A glimpse into one of the storerooms
The lookout tower still has internal steps, as proved recently by some small boys who made it to the top

It was intended that we should eat our packed lunch in that corridor, but in the event we had to beat a hasty retreat. Locals objected to our presence, for fear that we were bringing the coronavirus with us. At that point (I was keeping a very close eye on the national and international situation) only 2 cases had been declared in Morocco, each of those Moroccan residents in northern Italy, who had returned to Morocco for a visit. I don’t blame those local people in the least for wanting to be rid of us.

Our leaders found a lovely spot a few kilometres away on the way down for us to eat, including even a natural bench for those of us who couldn’t crouch on the ground. I was happy to be in the open air and not in that corridor.

This was directly ahead of me as I ate, and I was struck by the contrasting textures of rocks, trunk, green plant, and exposed roots.
The view if I swivelled slightly right.

We were then allowed 30 minutes to wander around at our will. I concentrated mainly on (those cactuses that weren’t cactuses, but) euphorbias. Hélène had told us the previous day that their local name was ‘Mother-in-law’s seat’. Some ‘humour’ is universal.

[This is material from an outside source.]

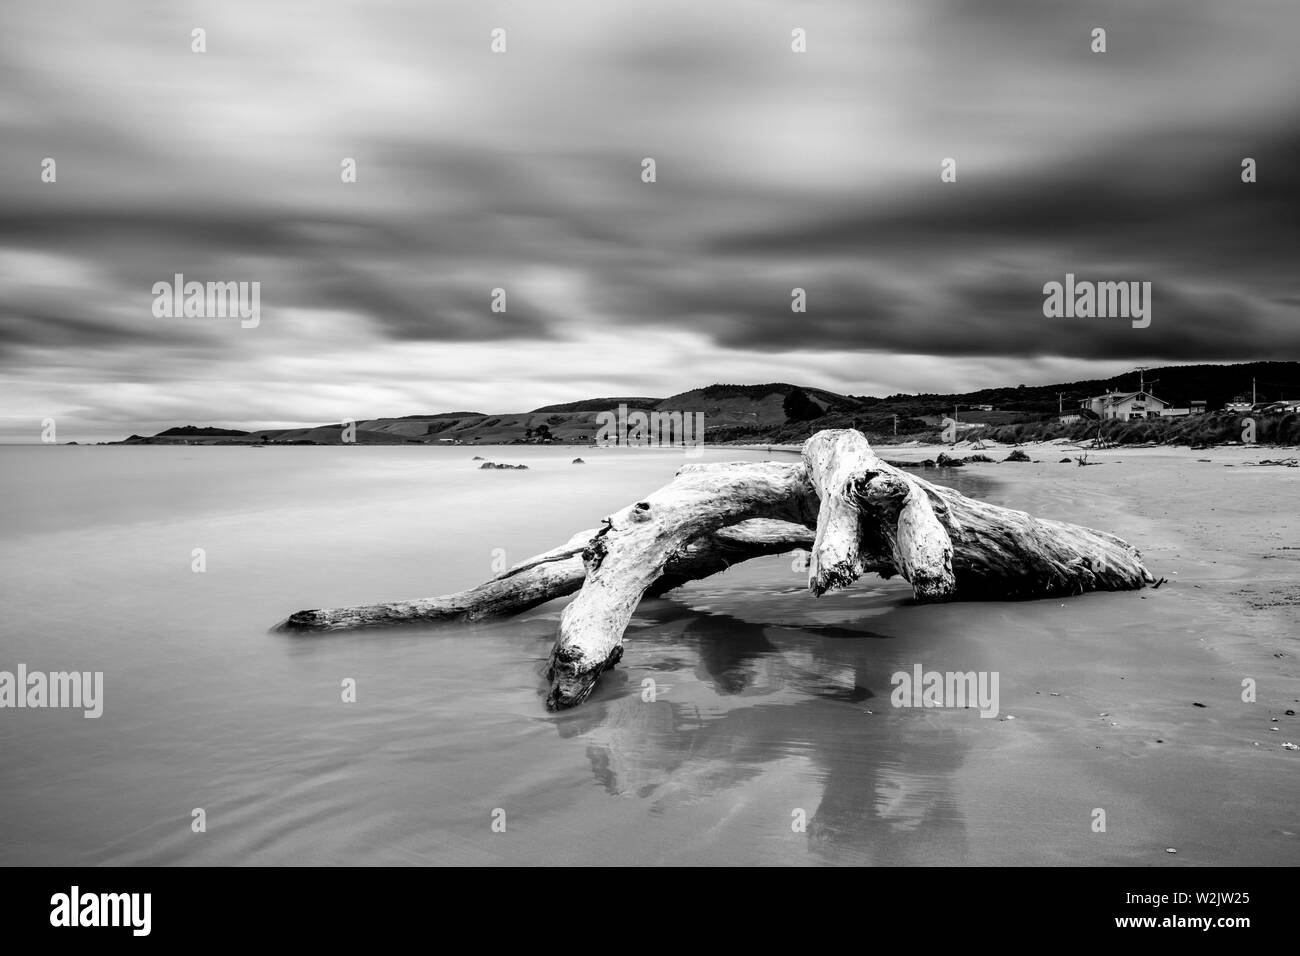 Un árbol muerto en la playa, Kaka Point, los Catlins, Isla del Sur, Nueva Zelanda Foto de stock

There were some beautiful trees as well.

Once we had moved on in the minibus, at last I managed to get a decent picture of a Barbary Ground Squirrel.

The sky had started clouding over as we had left the agadir, and we actually caught a glimpse of a shower in the distance at one point in the afternoon. This was the only hint of precipitation we saw all week.

More goats in trees. These are just a few of tte large herd which went by us, with goatherd.

Back to Ait Baha for afternoon refreshment. The kestrel was still there, but now on the windowsill.

The traditional method of building houses in Morocco is to plan for a next storey, should it prove desirable and affordable. So these houses are only unfinished in the sense that they may or may not grow in the future. Meanwhile, the floor of that next storey, with window spaces all ready, serves as a roof terrace.

These very modern apartment blocks on the outskirts of ever-expanding Agadir make no such provision.

Once we were back on the main dual carriageway towards Agadir, I was thrilled to see a woman in colourful dress driving a large colourful tractor, coming in the opposite direction. Unfortunately I had no time to capture the image.

Always good when our temporary hilltop home comes into sight.